Italian National Institute of Health, Center of Epidemiology, Surveillance and Health Promotion, Mental Health Unit, Italy.
Psychiatry Res. 2012 Aug 15;198(3):386-94. doi: 10.1016/j.psychres.2011.12.051. Epub 2012 Mar 15.
Previous studies failed to identify a consistent factor structure of the BPRS-24 in schizophrenia. Our aims were to examine the fit of all previously published factor models and then to explore unobserved population heterogeneity and identify salient latent classes. Two hundred thirty-nine patients with ICD-10 schizophrenia admitted to a random sample of all Italian public and private acute inpatient units during an index period were administered the BPRS-24. Confirmatory factor analysis (CFA) was used to test all factor models derived in previous studies. Then, factor mixture analysis (FMA) with heteroscedastic components was carried out to explore unobserved population heterogeneity. No previously reported factor solution showed adequate fit in CFA. FMA indicated the presence of three heterogeneous groups and yielded a 5-factor solution (Depression, Positive Symptoms, Disorganization, Negative Symptoms, Activation). Group 1 was characterized by higher Disorganization, lower Activation, lower psychosocial functioning, greater lifetime number of admissions, more frequent history of compulsory admission. Group 2 displayed lower Disorganization. Group 3 showed higher Activation and more frequent history of recent self-harming behavior. Our finding that a reliable factor structure for the BPRS-24 could be obtained only after assuming population heterogeneity suggests that the difficulty in identifying a consistent factor structure may be ascribed to the clinical heterogeneity of schizophrenia. As compared with clinical subtypes, the psychopathological dimensions displayed much greater discriminatory power between groups identified by FMA. Though preliminary, our findings corroborate that a dimensional approach to psychopathology can facilitate the assessment of the clinical heterogeneity of schizophrenia.
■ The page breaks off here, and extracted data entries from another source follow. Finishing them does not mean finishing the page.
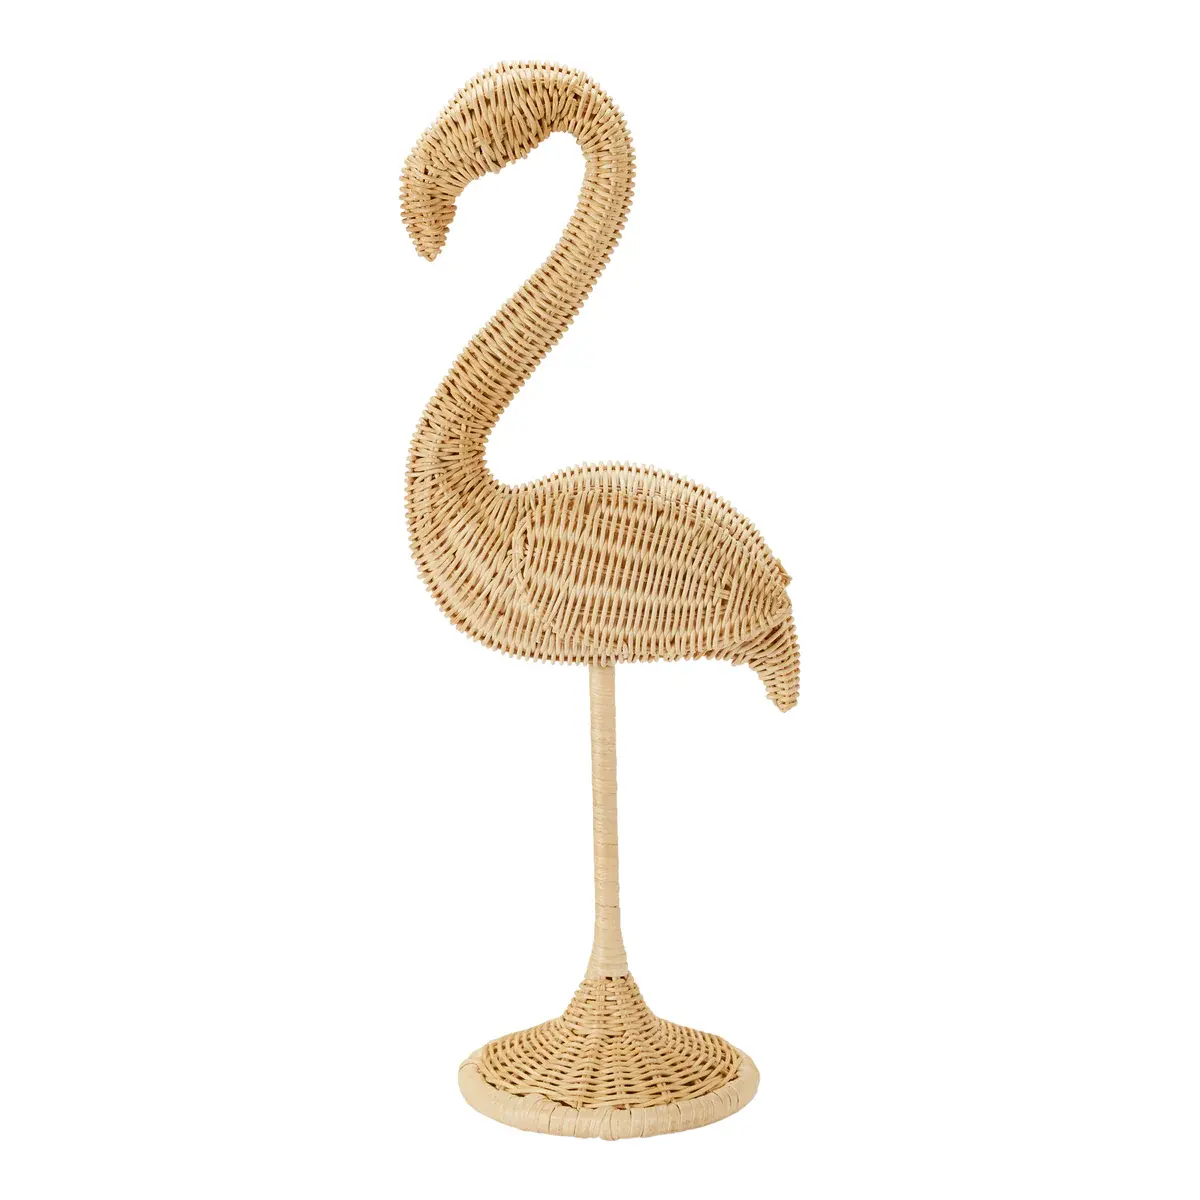 Acento decorativo contemporâneo do Rattan da boa sorte do flamingo do Rattan natural carismático para o hotel home do restaurante
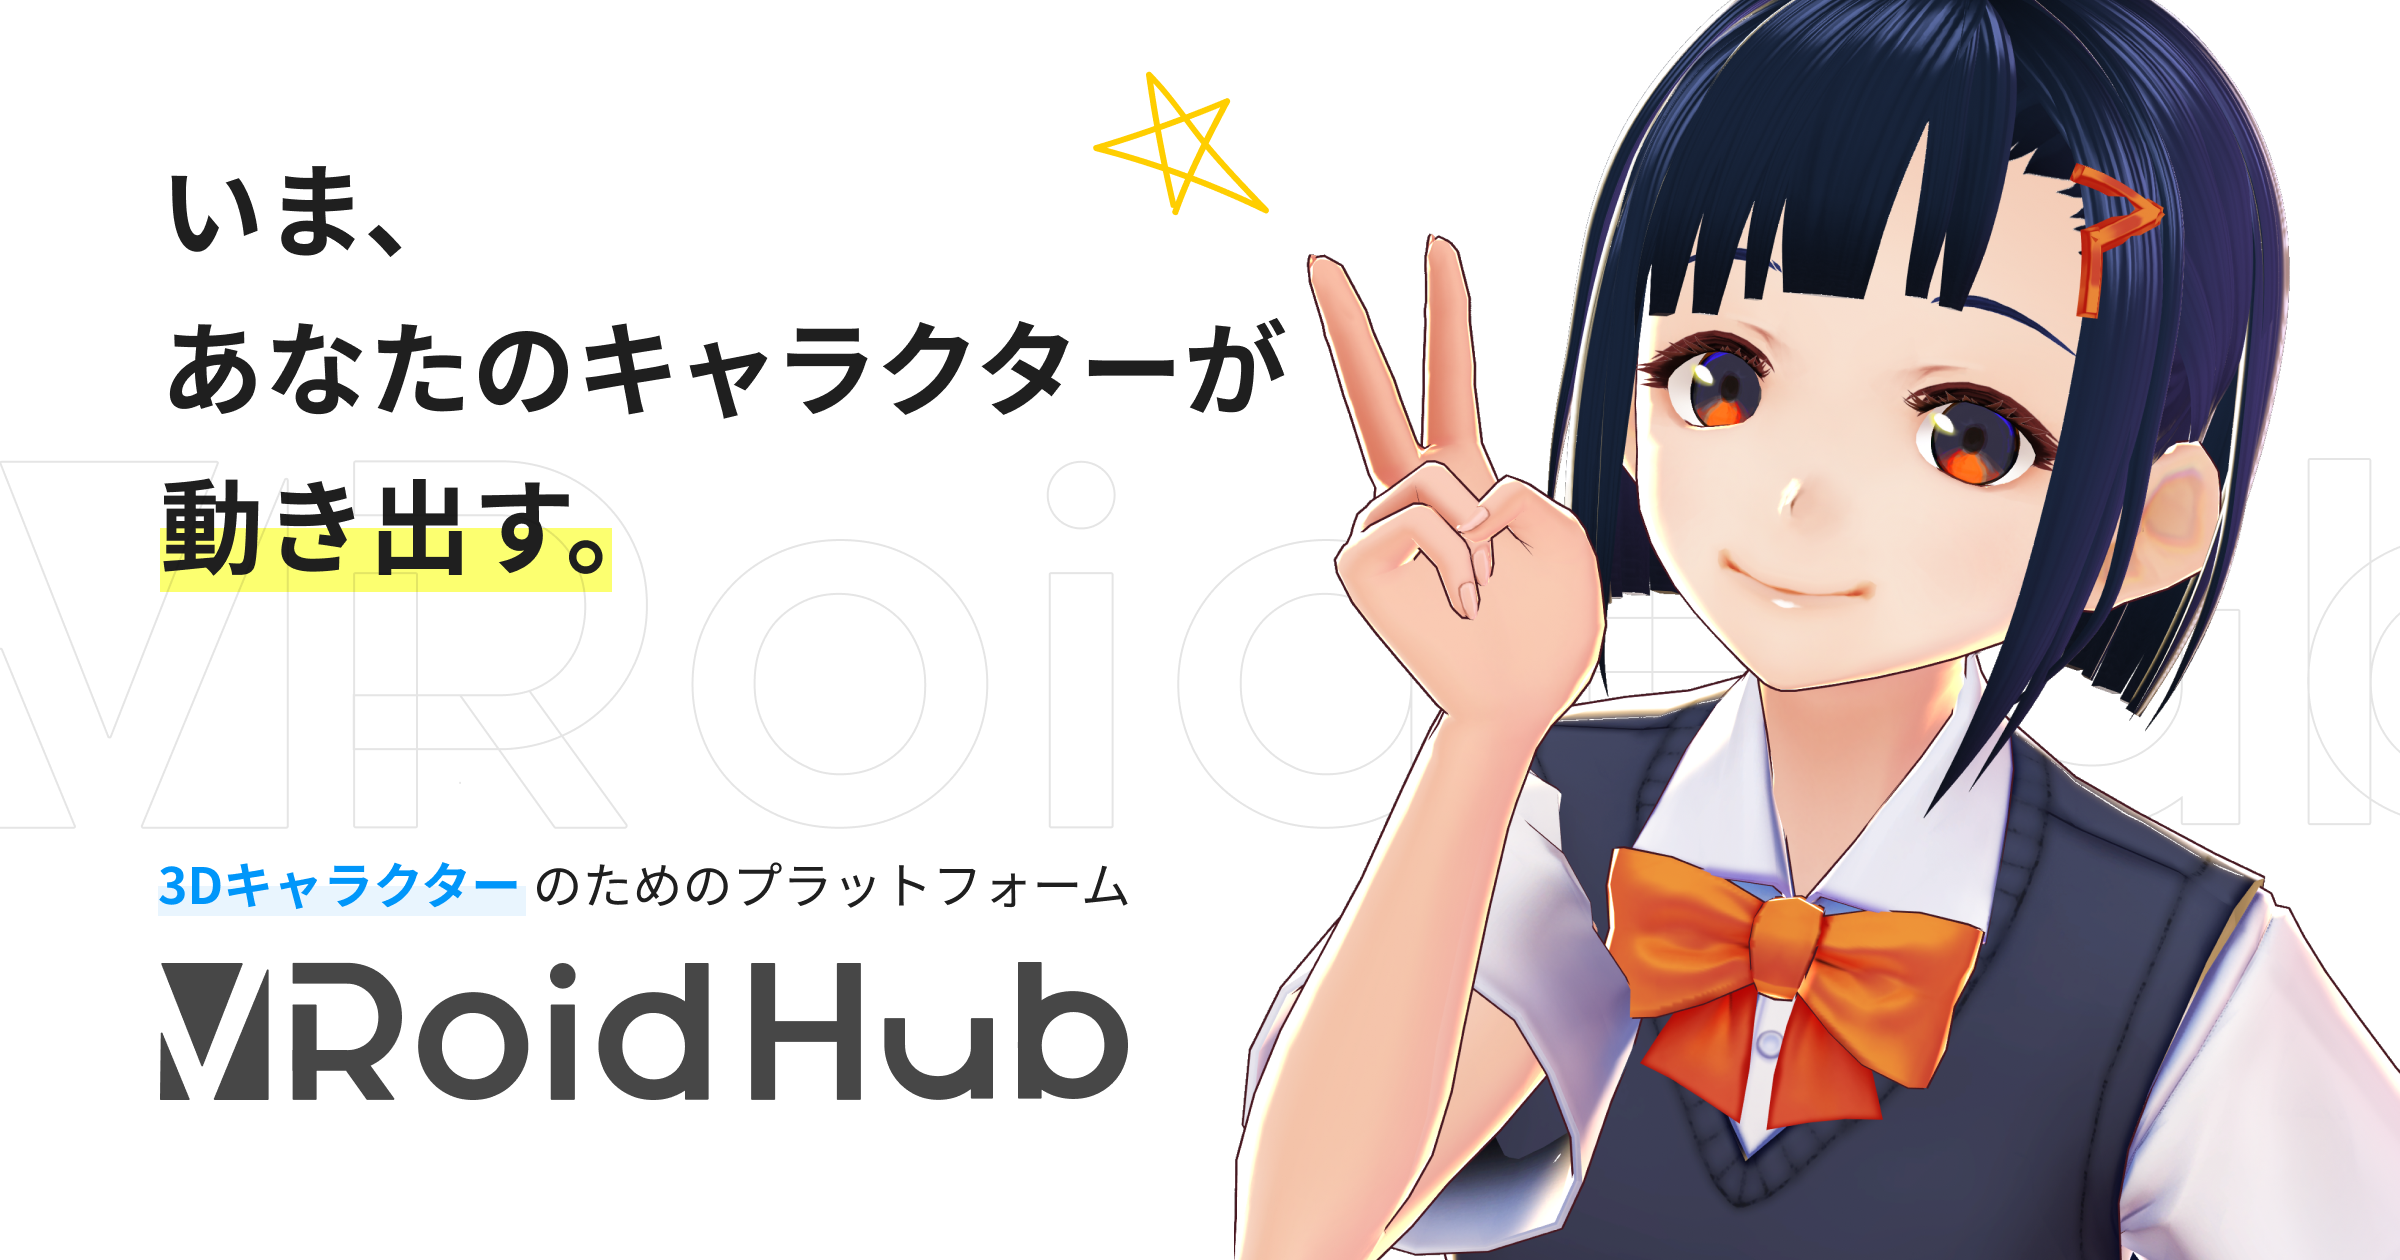 3dキャラクターモデルの投稿 共有プラットフォーム Vroid Hub 提供開始 ピクシブ株式会社のプレスリリース
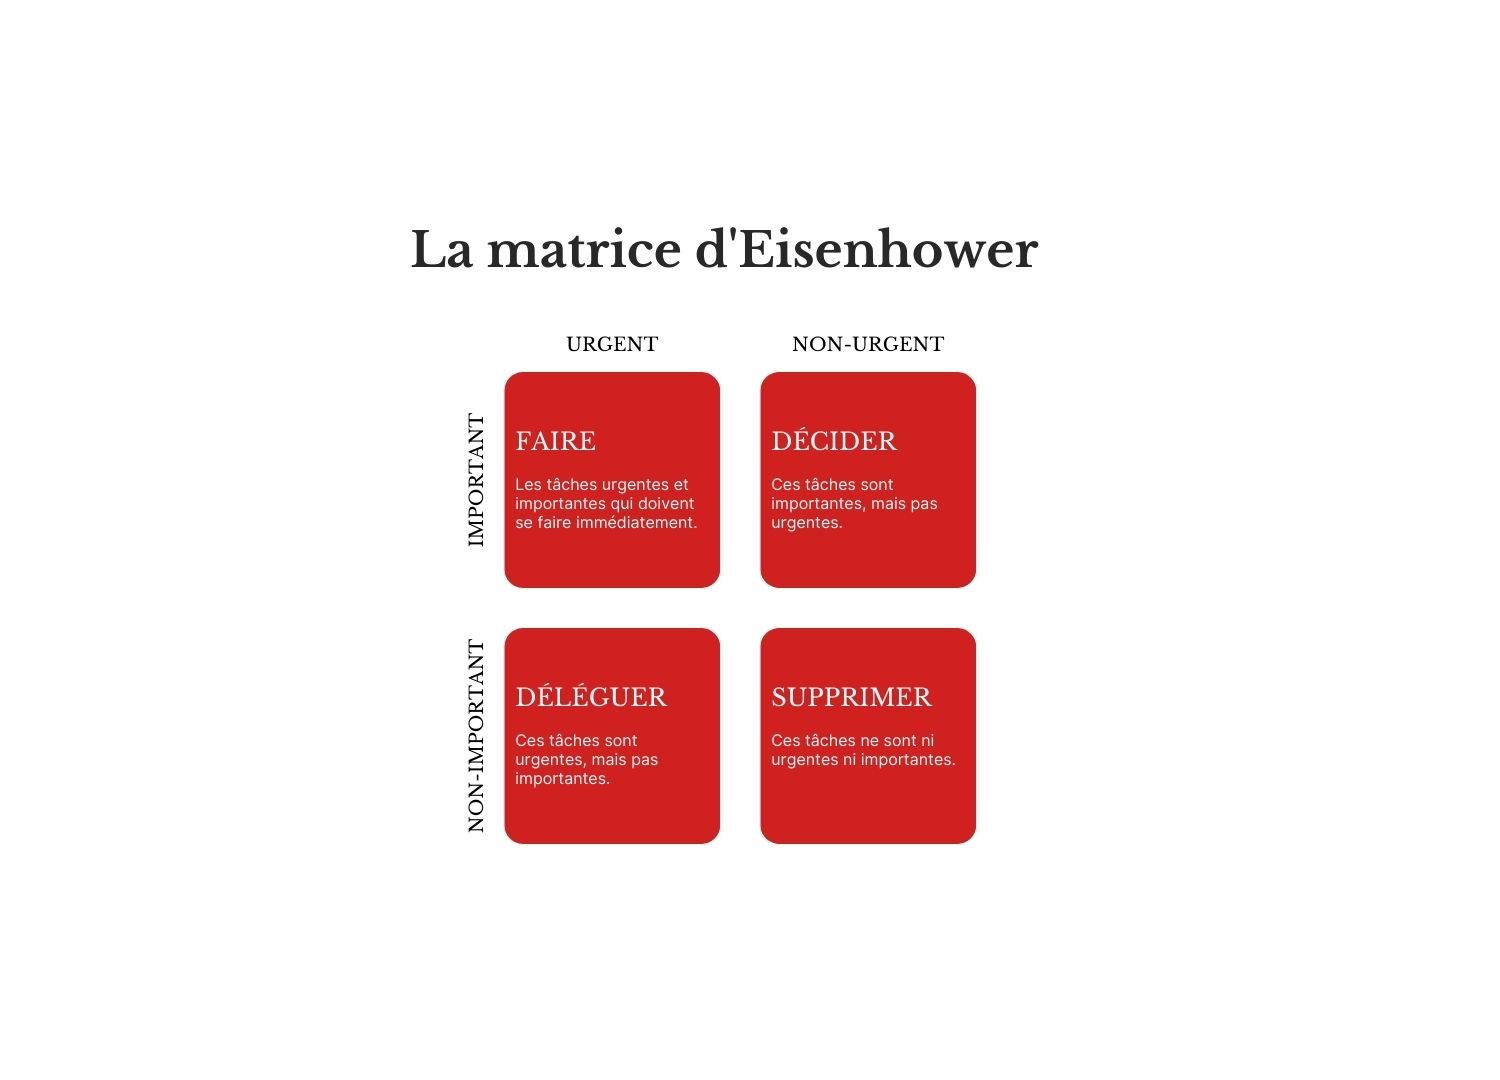 Infographie intitulée La matrice d'Eisenhower montrant les actions à entreprendre en fonction de l'urgence et de l'importance des tâches.

先前的研究未能确定 BPRS-24 在精神分裂症中的一致因素结构。我们的目的是检验所有先前发表的因素模型的拟合度,然后探索未观察到的人群异质性并确定显著的潜在类别。在一个索引期内,将 239 名符合 ICD-10 精神分裂症标准的患者随机分配到意大利所有公立和私立急性住院单位,对其进行 BPRS-24 评估。采用验证性因子分析(CFA)检验所有先前研究中得出的因素模型。然后,采用具有异方差分量的因子混合分析(FMA)来探索未观察到的人群异质性。没有先前报道的因素解决方案在 CFA 中表现出足够的拟合度。FMA 表明存在三个异质组,并产生了 5 因素解决方案(抑郁、阳性症状、混乱、阴性症状、激活)。第 1 组的混乱程度较高,激活程度较低,心理社会功能较低,一生中入院次数较多,强制入院次数较多。第 2 组的混乱程度较低。第 3 组的激活程度较高,近期自残行为的历史更频繁。我们发现,只有在假设人群异质性的情况下,才能获得 BPRS-24 的可靠因素结构,这表明难以确定一致的因素结构可能归因于精神分裂症的临床异质性。与临床亚型相比,FMA 确定的组之间的心理病理维度具有更大的区分能力。尽管初步的,我们的研究结果证实,一种对精神病理学的维度方法可以促进对精神分裂症临床异质性的评估。